***** MATERIAL FOR THIS EXERCISE *****

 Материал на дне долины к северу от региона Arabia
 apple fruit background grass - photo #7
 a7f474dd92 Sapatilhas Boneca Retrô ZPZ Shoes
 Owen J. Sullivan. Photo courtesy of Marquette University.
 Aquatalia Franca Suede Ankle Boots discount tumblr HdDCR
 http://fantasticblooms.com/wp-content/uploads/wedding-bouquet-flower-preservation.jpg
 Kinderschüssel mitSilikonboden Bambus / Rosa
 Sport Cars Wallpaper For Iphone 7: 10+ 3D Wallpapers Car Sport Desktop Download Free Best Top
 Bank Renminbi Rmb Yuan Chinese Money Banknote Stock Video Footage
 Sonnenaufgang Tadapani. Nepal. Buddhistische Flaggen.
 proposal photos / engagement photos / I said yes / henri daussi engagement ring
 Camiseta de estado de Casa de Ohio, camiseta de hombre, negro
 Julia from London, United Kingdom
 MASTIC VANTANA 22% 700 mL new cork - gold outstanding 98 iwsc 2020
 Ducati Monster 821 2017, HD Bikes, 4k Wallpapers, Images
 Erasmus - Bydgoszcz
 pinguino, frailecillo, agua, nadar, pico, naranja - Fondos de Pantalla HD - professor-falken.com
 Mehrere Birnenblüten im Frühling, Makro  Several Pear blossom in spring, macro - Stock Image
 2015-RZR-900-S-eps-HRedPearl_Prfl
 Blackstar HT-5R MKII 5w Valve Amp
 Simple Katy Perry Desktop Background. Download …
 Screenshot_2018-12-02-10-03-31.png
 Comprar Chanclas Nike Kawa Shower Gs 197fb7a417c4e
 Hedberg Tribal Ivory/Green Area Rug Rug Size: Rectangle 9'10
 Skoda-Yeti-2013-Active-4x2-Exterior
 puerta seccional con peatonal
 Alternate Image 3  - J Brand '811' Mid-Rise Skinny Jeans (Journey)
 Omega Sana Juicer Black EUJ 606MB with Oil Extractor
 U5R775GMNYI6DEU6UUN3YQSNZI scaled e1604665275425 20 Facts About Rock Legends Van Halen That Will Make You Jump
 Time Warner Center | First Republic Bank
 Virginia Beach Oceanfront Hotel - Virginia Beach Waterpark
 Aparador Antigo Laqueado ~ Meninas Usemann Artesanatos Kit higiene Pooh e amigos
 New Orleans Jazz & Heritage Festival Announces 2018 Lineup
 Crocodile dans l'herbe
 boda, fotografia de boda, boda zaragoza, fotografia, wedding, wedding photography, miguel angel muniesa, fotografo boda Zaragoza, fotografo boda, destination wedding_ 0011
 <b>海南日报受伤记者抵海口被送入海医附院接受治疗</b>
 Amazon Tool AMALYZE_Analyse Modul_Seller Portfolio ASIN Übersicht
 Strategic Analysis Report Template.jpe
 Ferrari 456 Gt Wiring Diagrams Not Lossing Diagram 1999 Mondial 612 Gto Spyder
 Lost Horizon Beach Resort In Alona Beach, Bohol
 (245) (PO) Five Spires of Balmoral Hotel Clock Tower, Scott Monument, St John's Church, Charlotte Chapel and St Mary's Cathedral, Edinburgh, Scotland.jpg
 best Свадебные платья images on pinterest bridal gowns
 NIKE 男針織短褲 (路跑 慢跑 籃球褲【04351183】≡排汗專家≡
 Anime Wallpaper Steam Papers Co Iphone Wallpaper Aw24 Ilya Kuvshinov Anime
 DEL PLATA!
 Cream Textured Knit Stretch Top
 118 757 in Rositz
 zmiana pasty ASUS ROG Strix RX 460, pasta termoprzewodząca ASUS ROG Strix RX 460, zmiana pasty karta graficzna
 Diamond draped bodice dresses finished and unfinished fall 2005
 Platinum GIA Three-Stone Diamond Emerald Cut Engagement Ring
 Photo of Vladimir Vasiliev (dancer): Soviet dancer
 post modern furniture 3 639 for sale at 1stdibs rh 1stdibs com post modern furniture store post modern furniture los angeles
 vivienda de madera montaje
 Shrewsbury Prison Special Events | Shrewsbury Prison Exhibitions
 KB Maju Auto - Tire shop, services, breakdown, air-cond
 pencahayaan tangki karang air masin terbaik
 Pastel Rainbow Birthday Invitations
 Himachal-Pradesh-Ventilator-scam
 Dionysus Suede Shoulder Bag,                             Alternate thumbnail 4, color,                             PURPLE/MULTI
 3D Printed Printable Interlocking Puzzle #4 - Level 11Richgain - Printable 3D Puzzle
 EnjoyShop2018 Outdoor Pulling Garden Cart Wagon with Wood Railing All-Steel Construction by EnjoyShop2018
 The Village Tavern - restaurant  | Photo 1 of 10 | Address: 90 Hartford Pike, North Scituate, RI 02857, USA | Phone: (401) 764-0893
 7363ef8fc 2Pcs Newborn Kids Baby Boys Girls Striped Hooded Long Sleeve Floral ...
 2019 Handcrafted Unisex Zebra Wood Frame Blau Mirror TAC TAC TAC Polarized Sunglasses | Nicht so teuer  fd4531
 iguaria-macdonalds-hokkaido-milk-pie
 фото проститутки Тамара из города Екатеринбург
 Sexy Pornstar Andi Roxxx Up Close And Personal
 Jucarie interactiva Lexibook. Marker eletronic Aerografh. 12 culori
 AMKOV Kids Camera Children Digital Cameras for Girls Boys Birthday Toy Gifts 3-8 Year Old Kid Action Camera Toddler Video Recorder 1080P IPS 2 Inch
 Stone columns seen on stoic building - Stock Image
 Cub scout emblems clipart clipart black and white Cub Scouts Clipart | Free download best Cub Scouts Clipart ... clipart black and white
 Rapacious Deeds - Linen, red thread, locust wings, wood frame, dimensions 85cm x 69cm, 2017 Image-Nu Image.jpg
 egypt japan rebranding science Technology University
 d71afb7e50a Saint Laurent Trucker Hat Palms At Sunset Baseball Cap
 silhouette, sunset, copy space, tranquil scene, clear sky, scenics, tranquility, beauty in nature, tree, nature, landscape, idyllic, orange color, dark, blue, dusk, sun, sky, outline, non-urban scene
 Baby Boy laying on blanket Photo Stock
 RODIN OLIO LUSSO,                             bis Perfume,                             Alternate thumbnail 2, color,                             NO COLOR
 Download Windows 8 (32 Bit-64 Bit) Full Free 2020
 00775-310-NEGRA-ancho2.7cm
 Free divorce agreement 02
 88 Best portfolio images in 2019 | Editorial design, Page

*****

PROBLEM STATEMENT - Repeat exactly the lines of the data from the first one through the line with "Bank Renminbi Rmb", both of them included.

RESPONSE -
 Материал на дне долины к северу от региона Arabia
 apple fruit background grass - photo #7
 a7f474dd92 Sapatilhas Boneca Retrô ZPZ Shoes
 Owen J. Sullivan. Photo courtesy of Marquette University.
 Aquatalia Franca Suede Ankle Boots discount tumblr HdDCR
 http://fantasticblooms.com/wp-content/uploads/wedding-bouquet-flower-preservation.jpg
 Kinderschüssel mitSilikonboden Bambus / Rosa
 Sport Cars Wallpaper For Iphone 7: 10+ 3D Wallpapers Car Sport Desktop Download Free Best Top
 Bank Renminbi Rmb Yuan Chinese Money Banknote Stock Video Footage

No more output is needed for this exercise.